1.1 Problems of data source legality
Artificial intelligence technologies face many legal issues throughout the development process, the most prominent of which is the legality of data sources. This is because a good dataset must satisfy four basic criteria: the dataset must be large enough to cover multiple iterations of the problem, the data must be clearly labeled and annotated, the data must be representative and unbiased, and the data must comply with privacy regulations. Legitimacy of data sources is the cornerstone of training data compliance, and most of the model capability comes from pre-training, which is closely related to large amounts of high-quality data. Therefore, Article 7 of China's Interim Measures for the Administration of Generative Artificial Intelligence Services explicitly requires that “generative AI service providers shall, in accordance with the law, carry out pre-training, optimization training, optimization training and other training data processing activities, and use data and base models with legal sources.”

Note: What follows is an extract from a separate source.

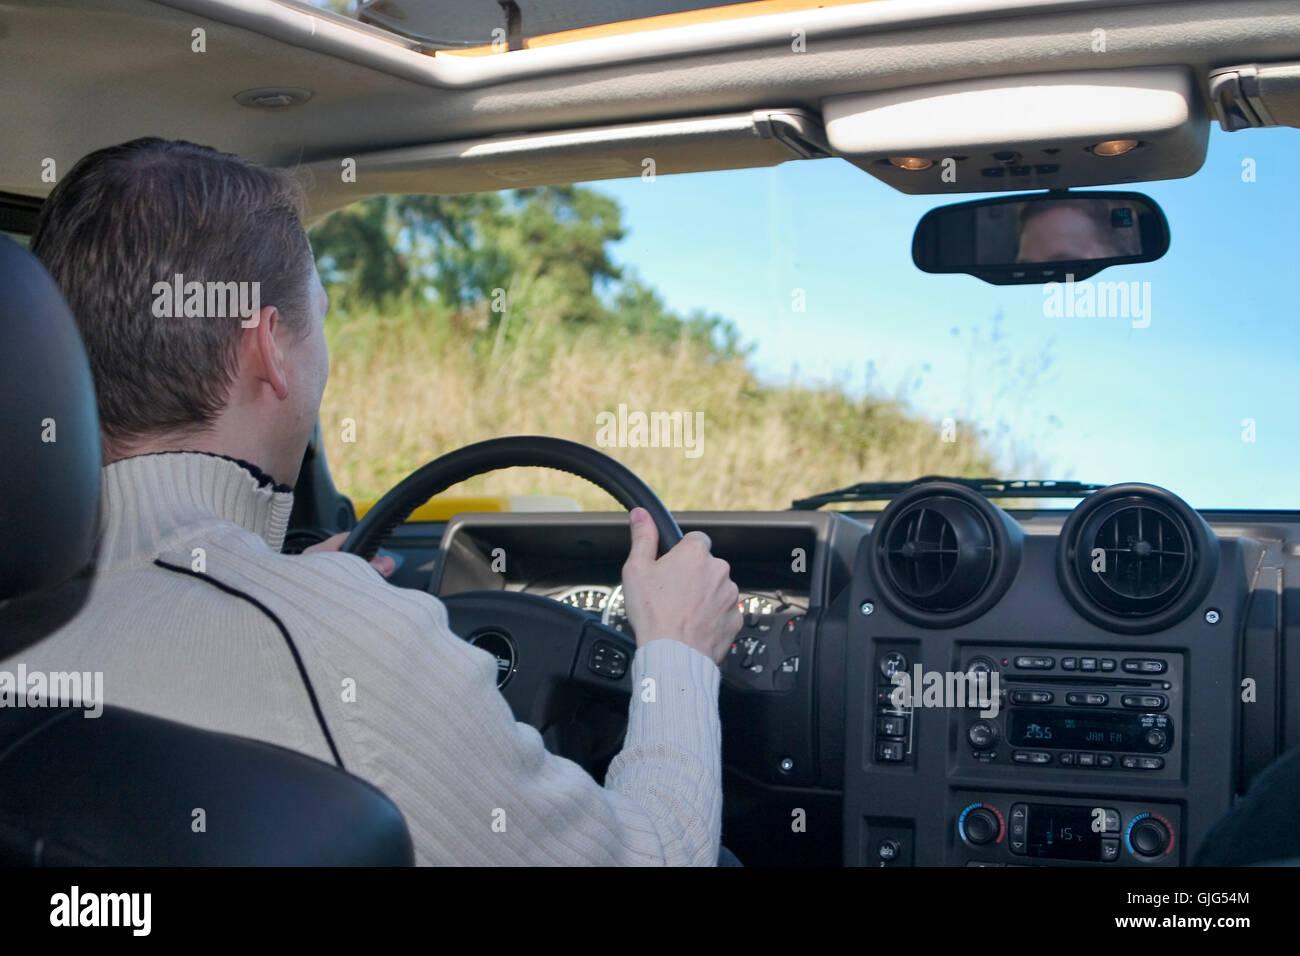 Car Hummer H2 Cross Country Stockfotos & Car Hummer H2 Cross Country ...
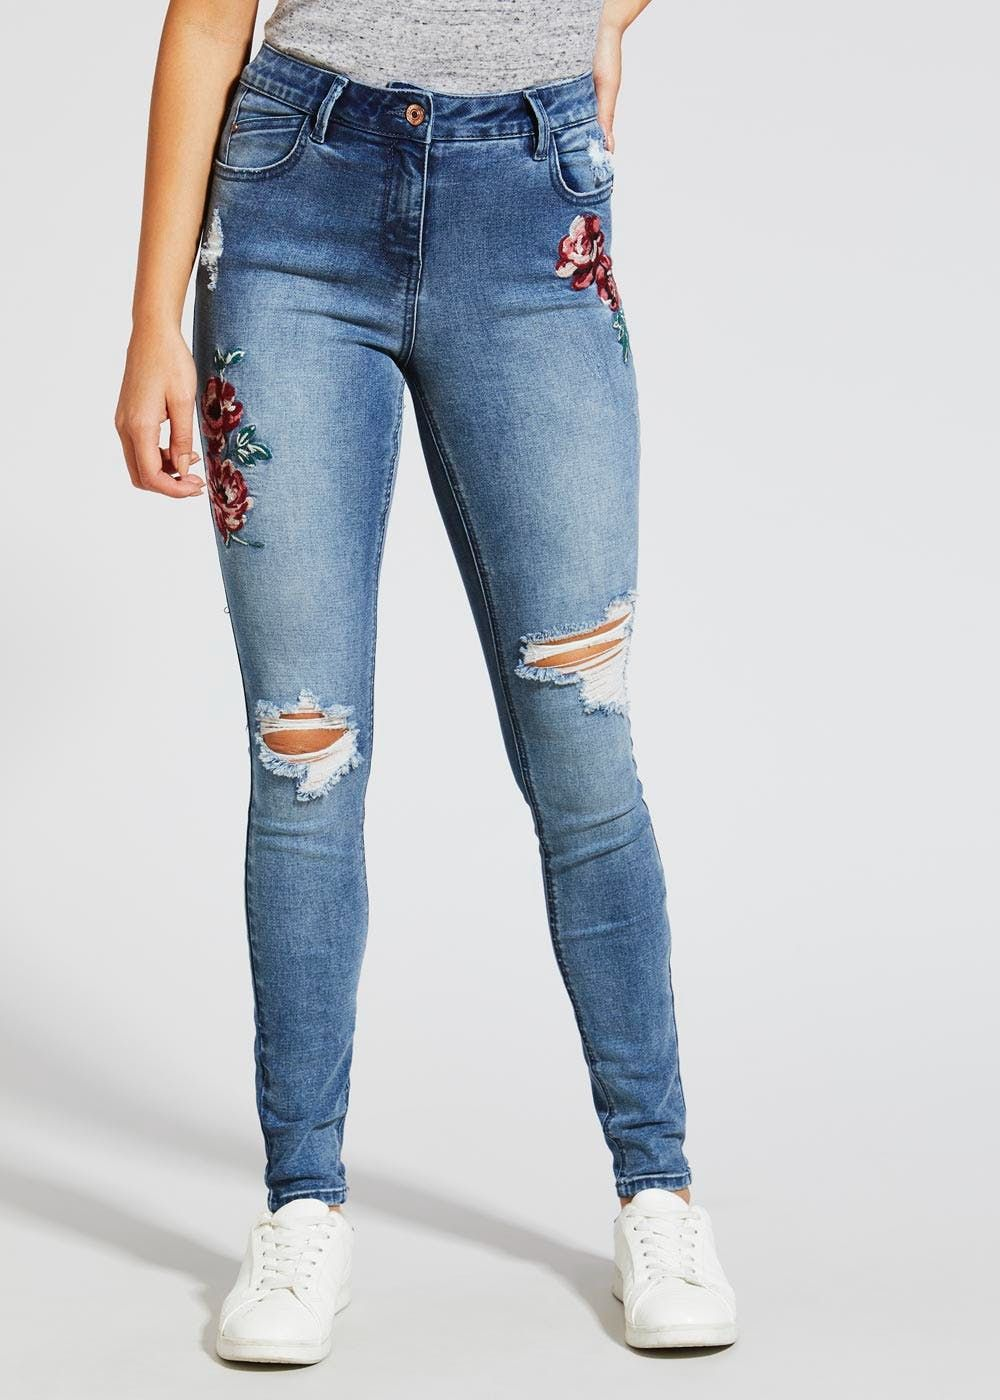 640b960e2d2 April Embroidered Super Skinny Jeans | Wishlist | Super skinny jeans ...

From the perspective of industry practice, the data sources of generative AI mainly include own data, open source datasets, outsourced data, automated data collection and synthetic data. For example, processing personal information without authorized consent or beyond the scope of authorization, datasets acquired by illegal means, violating the license agreement for the use of open source datasets, taking more intrusive measures or increasing the burden on the server of the crawled party to illegally acquire computer information system data, illegal means of data collection such as violating the Robots agreement or destroying anti-climbing measures, and automated collection of data that contains copyright-protected content, among other data sources. All of these may lead to problems with the legality of the data source.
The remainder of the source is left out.